Tuesday, January 12, 2016

Doing a good deed daily and turning the other cheek

Give it up for Sister Bernadette!
I went to Catholic school in my elementary years, you guys. I'm not sure what grade it was, but there was a whole campaign in the Catholic schools at the time entitled, “Do a Good Deed Daily.” Now, as a natural rebel, I didn't normally fall for the subliminal brainwashing perpetrated by the church, but somehow, this campaign seeped into my noggin and stayed there. And believe it or not, my idea of what that should entail doesn't differ that much from that of the nuns that had the displeasure of putting up with my rebellious butt.

Score 2 points for Sister Bernadette! Oh sure, it could have been my arch enemy, Sister Virgo but I liked Sister Bernadette better so I'm giving her the credit.

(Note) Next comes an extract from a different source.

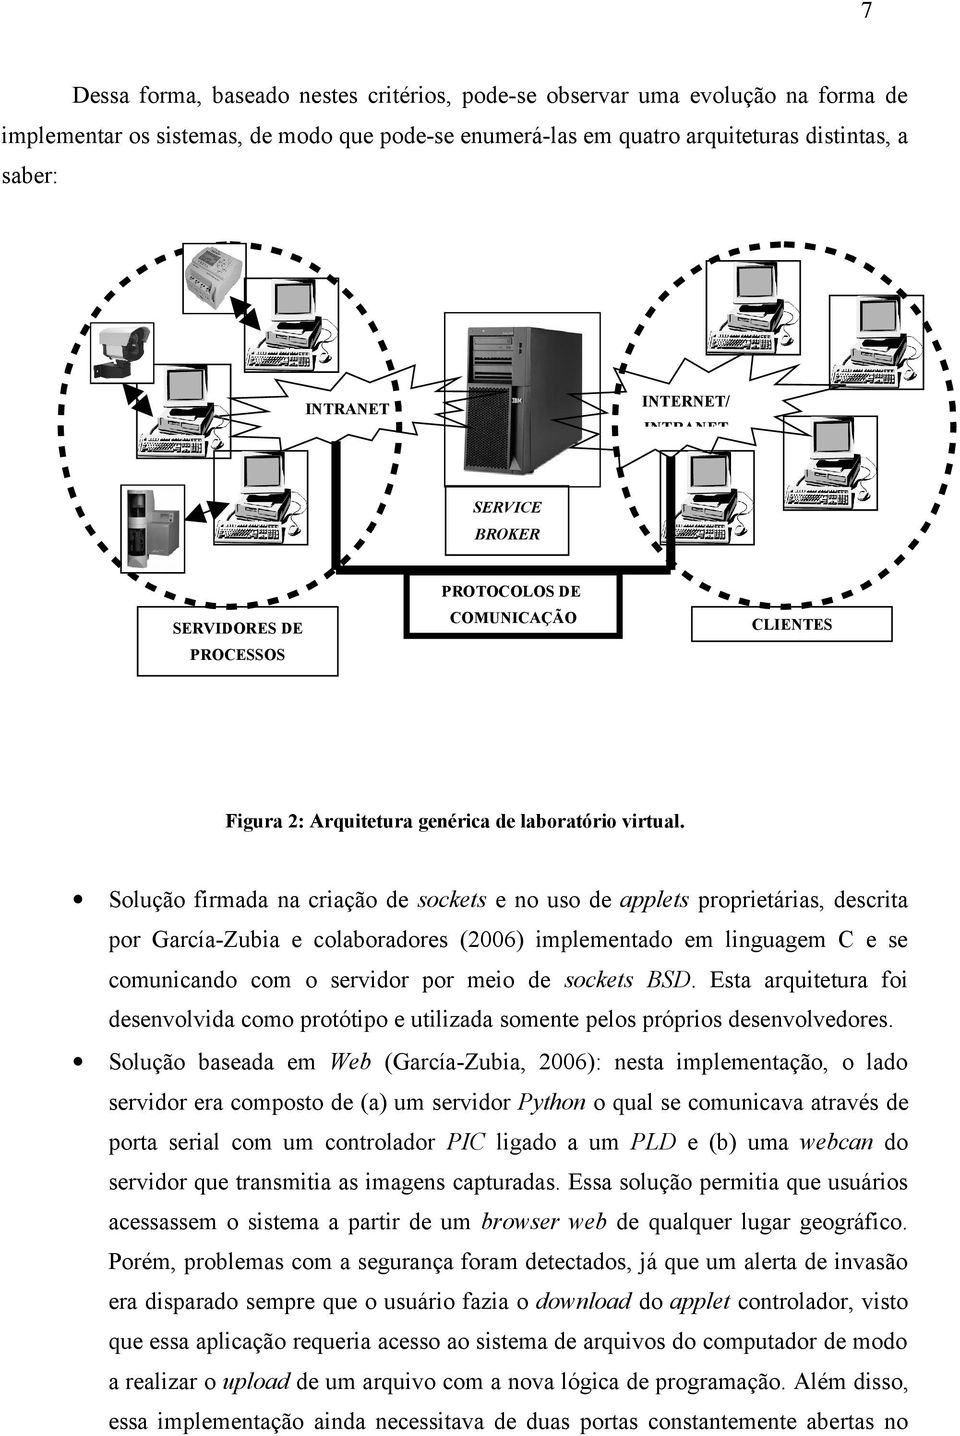 Solução firmada na criação de sockets e no uso de applets proprietárias, descrita por García-Zubia e colaboradores (2006) implementado em linguagem C e se comunicando com o servidor por meio de

Now, like every other thing in my life, I probably take the do good thing a bit to the extreme. Damn that helper gene! But really, in today's world, how can you possibly do too much good?

So, I have a weird way of looking at things compared to most. And that's the point of this whole spiel. You have to know that the nuns also taught me to turn the other cheek. After all, they wouldn't be proper nuns if they didn't. And I sort of agree with that too, but maybe I take it to a different level.

The older I get, the more pain I have gone through. Some of that pain has been caused by the actions of others. You see, when you turn the other cheek, you tend to resent those who aren't as kind and understanding to you as you are to them. That resentment can make you downright miserable.

And now, the revelation.

Turning the other cheek and doing a good deed daily do not make you some sort of humble martyr. In fact, they do just the opposite. Because when you turn the other cheek, you are placing the responsibility for unkind actions, words, thoughts and deeds, right where it belongs. That is, in the hands of the perpetrator.

Oh, snap!

So from now on, when someone treats me like crap, lies, cheats, steals or is just generally a mean person, I vow to remain true to my kind nature. I will treat them kindly. I will not return their rudeness.

I refuse to go through sleepless nights and worrisome days because I have not done anything to deserve that. I will go about my business and allow them to stew, steep and live in their own deceit, guilt and anger if that's what they wish to do. And who knows? Maybe my patience will pay off, love will seep in and they will change.

But if they don't, that's their choice and their burden as well.

I refuse to carry it or be made miserable by it.

I think the nuns would be proud of me.